The Mexican Revolution
in the American Imagination
Yolanda Padilla, Assistant Professor of English
Exploring numerous cultural, political, and historical contexts, this
course will examine the Mexican Revolution from the vantage point of
the American imagination. While most commentators date the Revolution
between 1910-1920, the turmoil south of the border would play a part
in how the U.S. viewed Mexico—and itself—well into the
middle of the century. Such a recent history of revolution enabled
the U.S. to conceive of Mexico as a mythic space onto which it could
project and possibly resolve various social and cultural questions.

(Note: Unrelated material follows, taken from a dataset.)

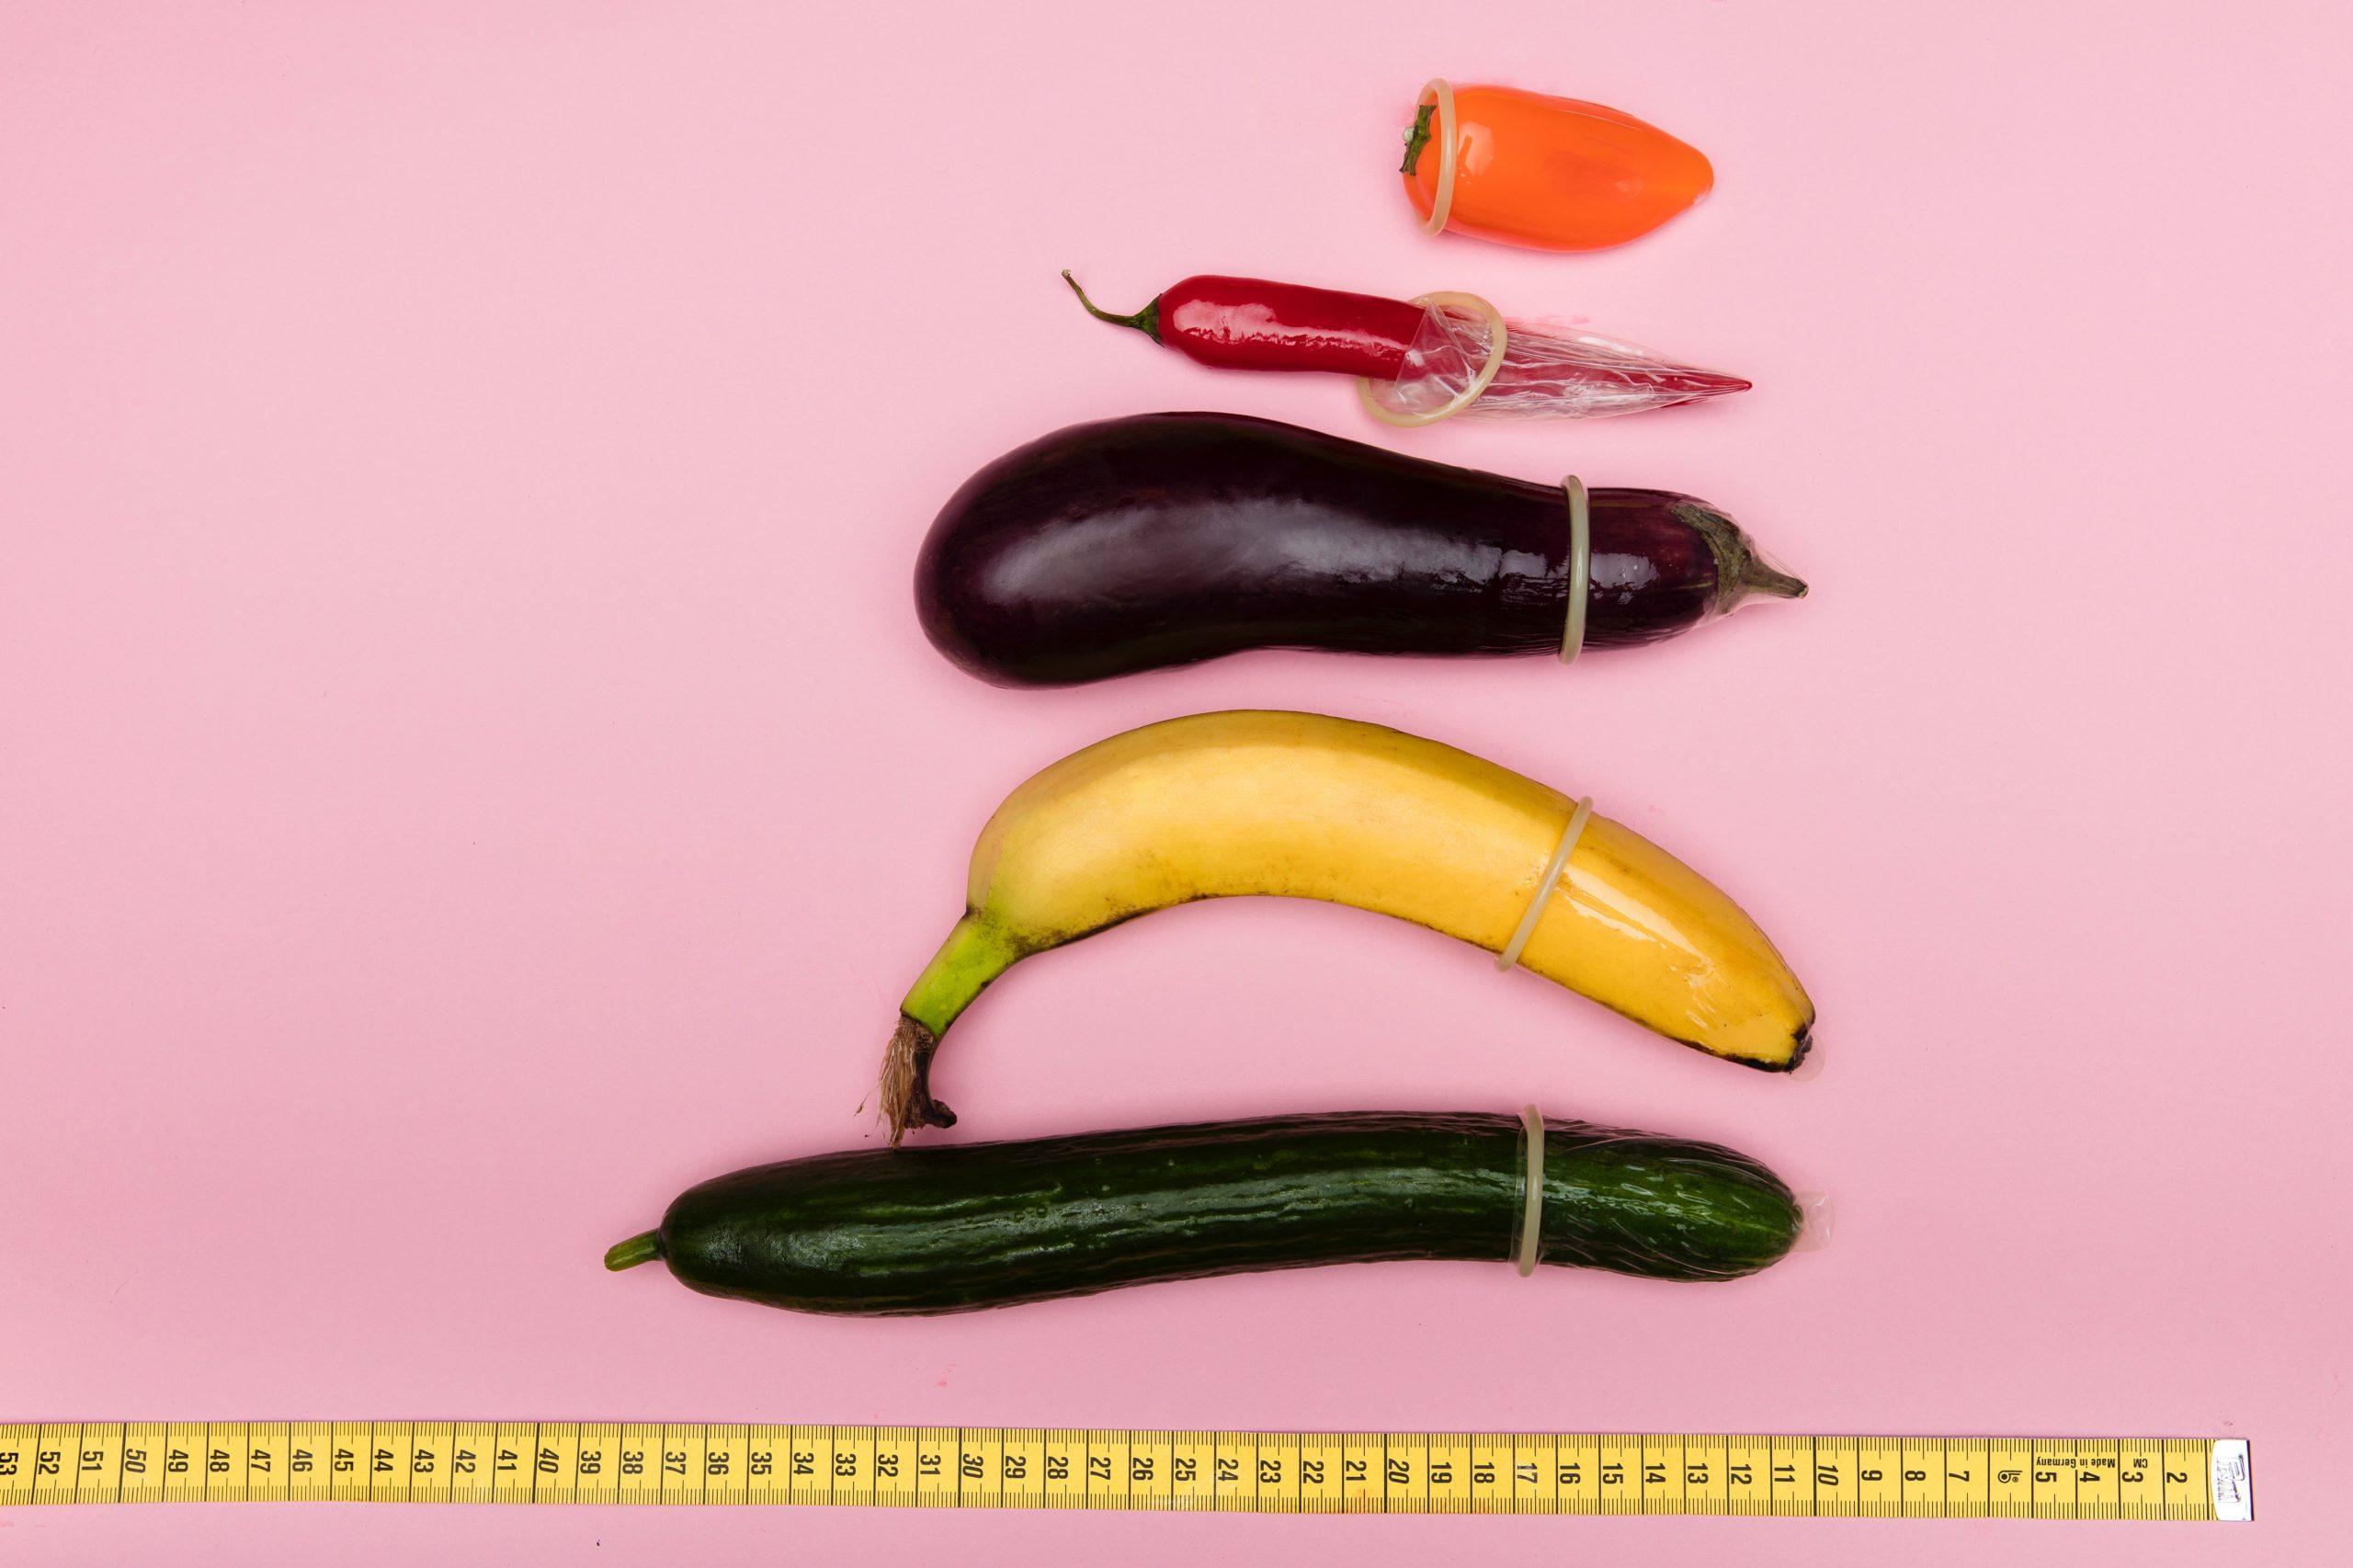 Aumento de pênis: Como funciona a cirurgia?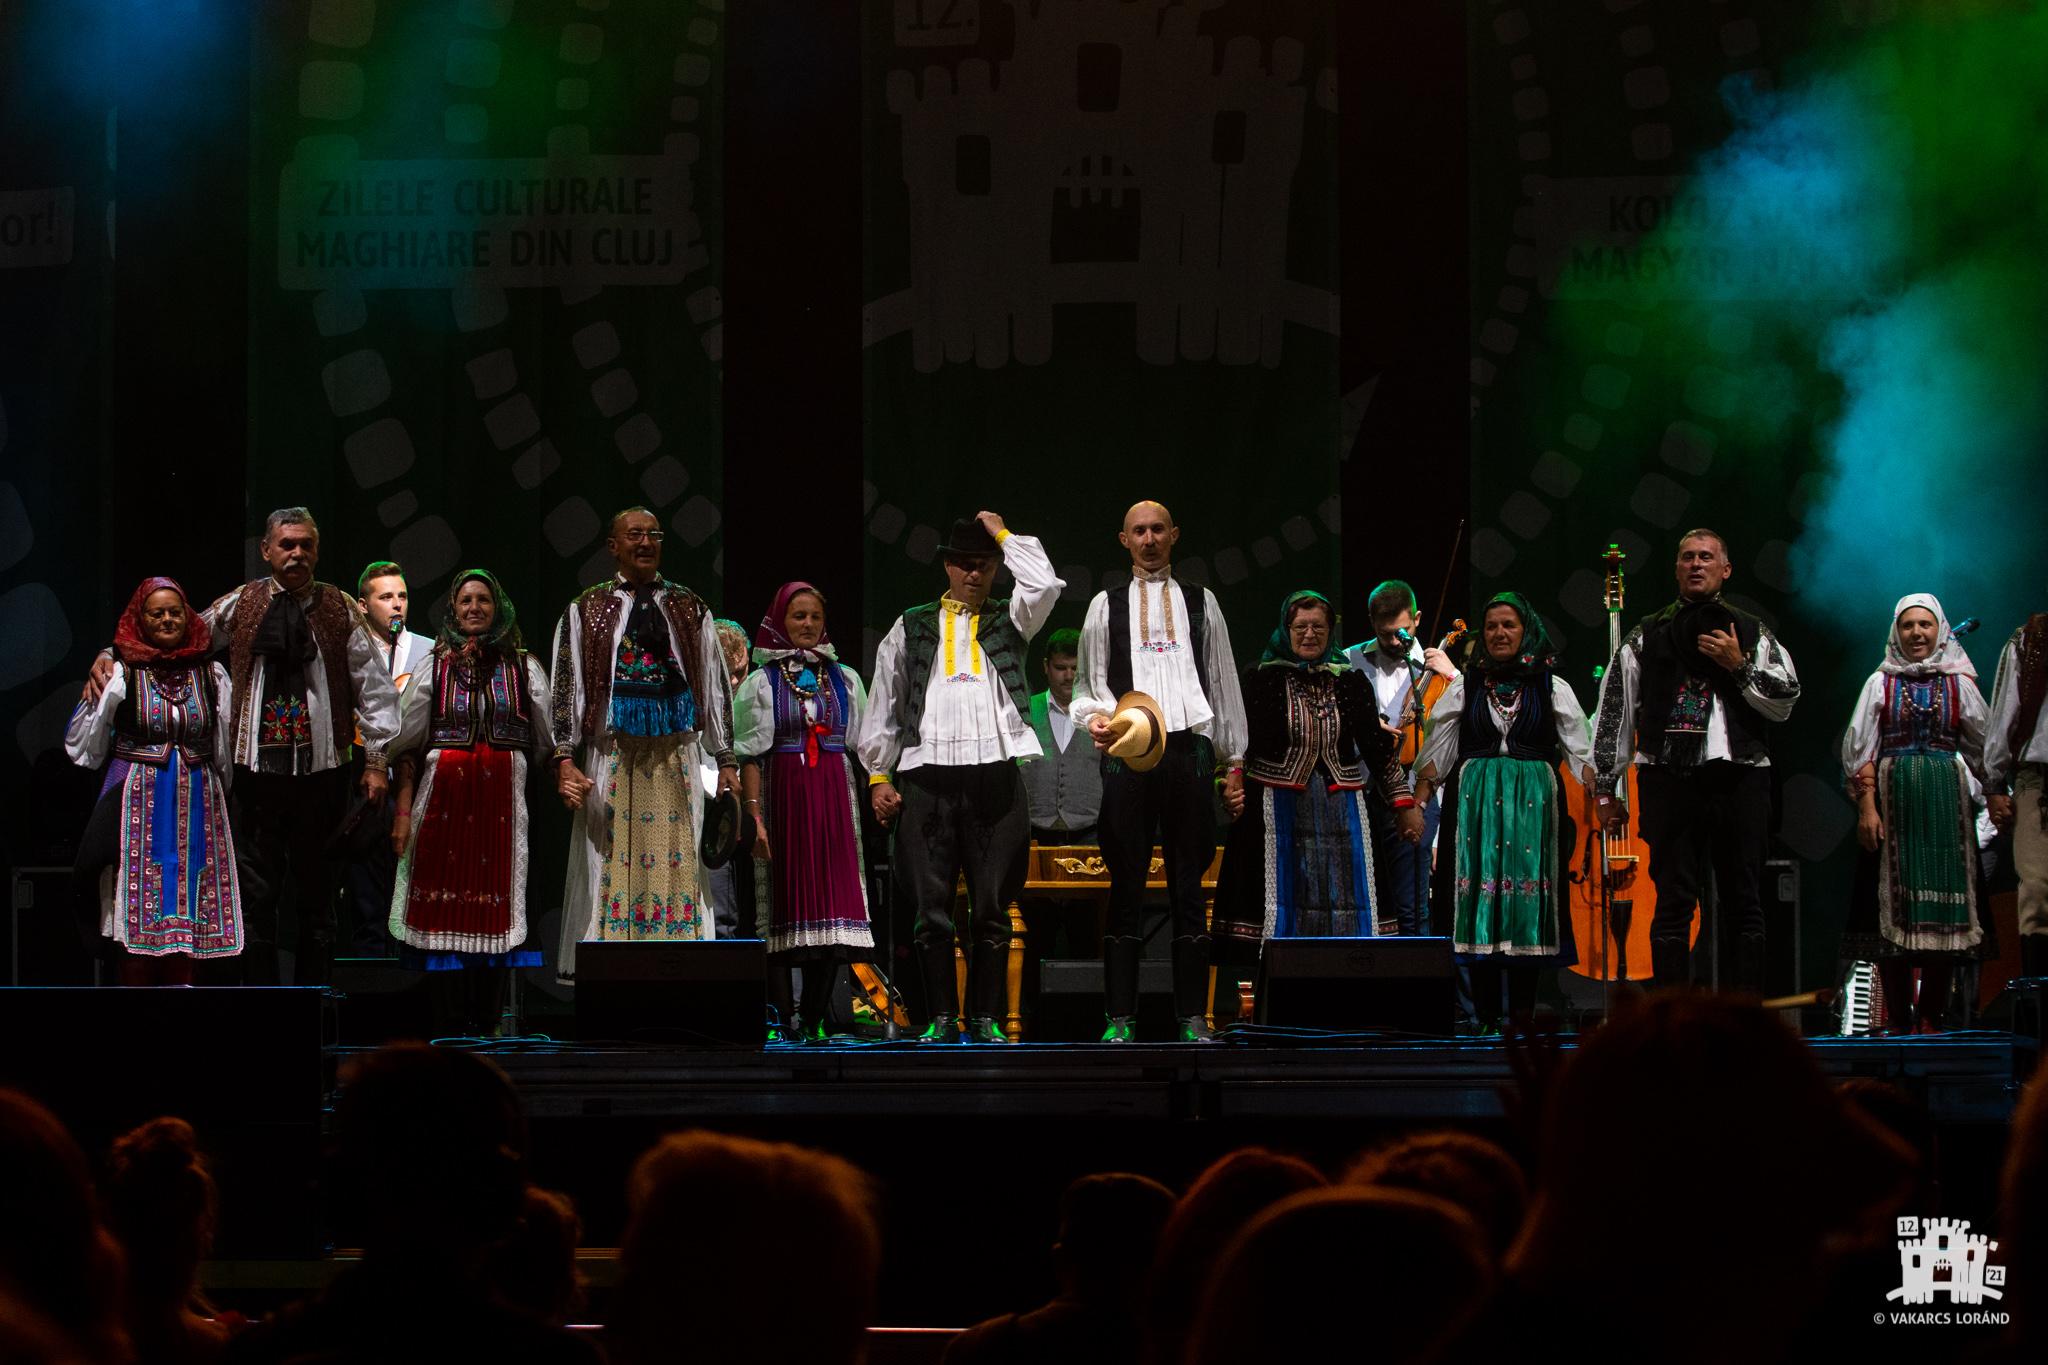 A Tokos zenekar és barátai – 10 éves jubileumi koncert

As we read an array of texts that imagine the Revolution, we will consider
how notions of revolutionary Mexico were deployed in some of the most
pressing debates of the day, including those regarding relationships
between race and democracy, art and revolution, and the primitive and
the modern. Our readings will also include Mexican representations
of the revolution, with the aim that we will analyze the influence
of such expressions on U.S. thinking about Mexico. Ultimately, we will
examine how Mexico and its Revolution inform new debates about an old
question: what does it mean to be an American? Possible writers include
John Reed, Mariano Azuela, D.H. Lawrence, Katherine Anne Porter, Graham
Greene and Sandra Cisneros. Possible films include Viva Villa!, The
Old Gringo, Viva Zapata! and the recent HBO film And Starring Pancho
Villa as Himself. This is a Benjamin Franklin Honors seminar. Non-honor
students admitted by permission. (Distribution)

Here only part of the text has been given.